Avis
Il y a dix ans, le monde a changé. Il est difficile de déterminer le moment précis, mais les indices se trouvent dans les mises à jour du dictionnaire. Blâmez le choc, ou l’incertitude, ou Donald Trump s’il le faut. Tout a commencé fin 2016, l’année où Trump a vaincu Hillary malgré les prévisions. Depuis, une certaine nervosité est entrée dans le lexique.
Le tremblement est perceptible à travers le mot de l’année de chaque maison, des fausses nouvelles () à la paranoïa (), de la post-vérité () à la xénophobie à . À , où le trafic de recherche détermine le gagnant annuel, la couronne est devenue surréaliste.
Une décennie plus tard, le surréalisme n’a fait que s’amplifier. Consultez Google Ngram, où le langage est répertorié dans les livres et les médias numérisés, et vous verrez une ascension « surréaliste » depuis une modeste bosse de 1917 jusqu’au Cervin d’aujourd’hui. Preuve qu’on ne se lasse pas de l’adjectif, mais pourquoi ?
Le surréalisme – le mouvement artistique – enregistre un léger revers en comparaison. Cela signifie que le contexte du surréalisme est distinct des horloges fondantes de Salvador Dali. Pourtant, la qualité onirique des images du maître, son téléphone homard, n’a fait que renforcer la compréhension moderne de ce que nous considérons comme irréel.

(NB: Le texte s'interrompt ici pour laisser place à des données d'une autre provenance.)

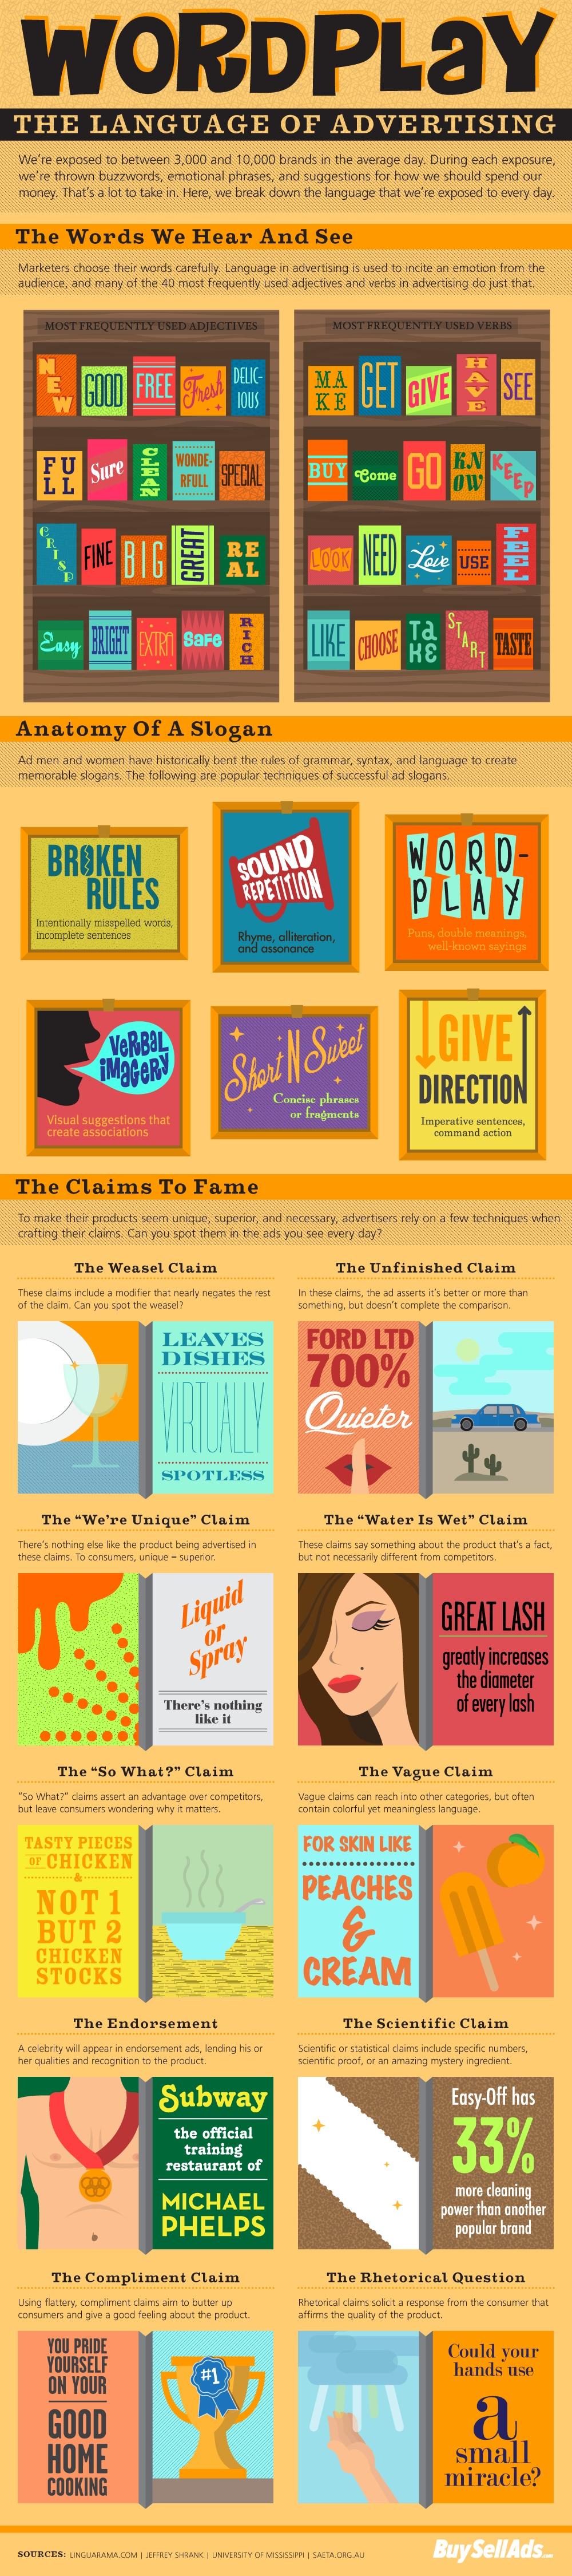 Wordplay: The Language of Advertising

Surréaliste signifie au-delà du réel, tout comme un supplément est un frais ajouté au coût, ou le nom de famille est le nom excédentaire par rapport à votre prénom. Le surréalisme a été inventé en 1917 – d’où cette surprise – par le poète d’avant-garde français Guillaume Apollinaire. Un compatriote bohème en André Breton, quelques années plus tard, rédigeait le , définissant le mouvement comme « la dictée de la pensée en l’absence de tout contrôle exercé par la raison, en dehors de toute préoccupation esthétique et morale ».
L’autre expression de Breton était « l’automatisme psychique », les artistes abandonnant le gouvernail à leur subconscient. Supprimer le filtre. Bâillonner le critique rationnel intérieur. Au cours de la même période, Freud a écrit son essai (littéralement The Un-Homely), que l’anglais a traduit par, la tension étrange provoquée par le familier dans un cadre étranger, ou vice versa. Encore ce téléphone à homard.
Ce n’est pas un hasard si tous ces discours surréalistes et étranges ont coïncidé avec la Grande Guerre, une époque où le traumatisme est devenu le défaut psychique. Des clochers flamboyants comme les girafes de Dali. Cratères de bombes et bunkers. Des chars aussi réels que leur acier, mais pourtant différents de la réalité. Un siècle plus tard, avec la chute des tours jumelles, le surréalisme n’a fait que gagner en popularité. L’utilisation et le nombre de recherches ont augmenté pendant la pandémie, rivalisant avec la quarantaine et l’apocalypse.
Nous menant à 2016, la nervosité s’accentue. L’arrivée de Trump a causé un choc au système, couplé aux incursions de la réalité virtuelle, alors que des vidéos deepfake exploraient l’étrange vallée entre le vrai et le post-vrai, le réel et l’irréel. Ou le surréaliste, comme nous le disons souvent, en utilisant le terme comme un refus codé de créditer ce qui se passe réellement autour de nous.
Les jeunes athlètes font écho à cette dissociation, où le Sydney Sixer Joel Davies (22 ans) a dû se pincer en disant : « C’est assez surréaliste de jouer aux côtés de (Test great) Steve Smith. » Ou encore le Newcastle Jet Alex Badolato (21 ans), à propos de sa sélection comme Socceroo : « C’est un moment surréaliste. C’est quelque chose dont nous avons tous rêvé. » La voilà, matière à rêves et à cauchemars, réalité invraisemblable où la vérité est plus étrange que la fiction, et pourtant plus surréaliste que le surréalisme lui-même.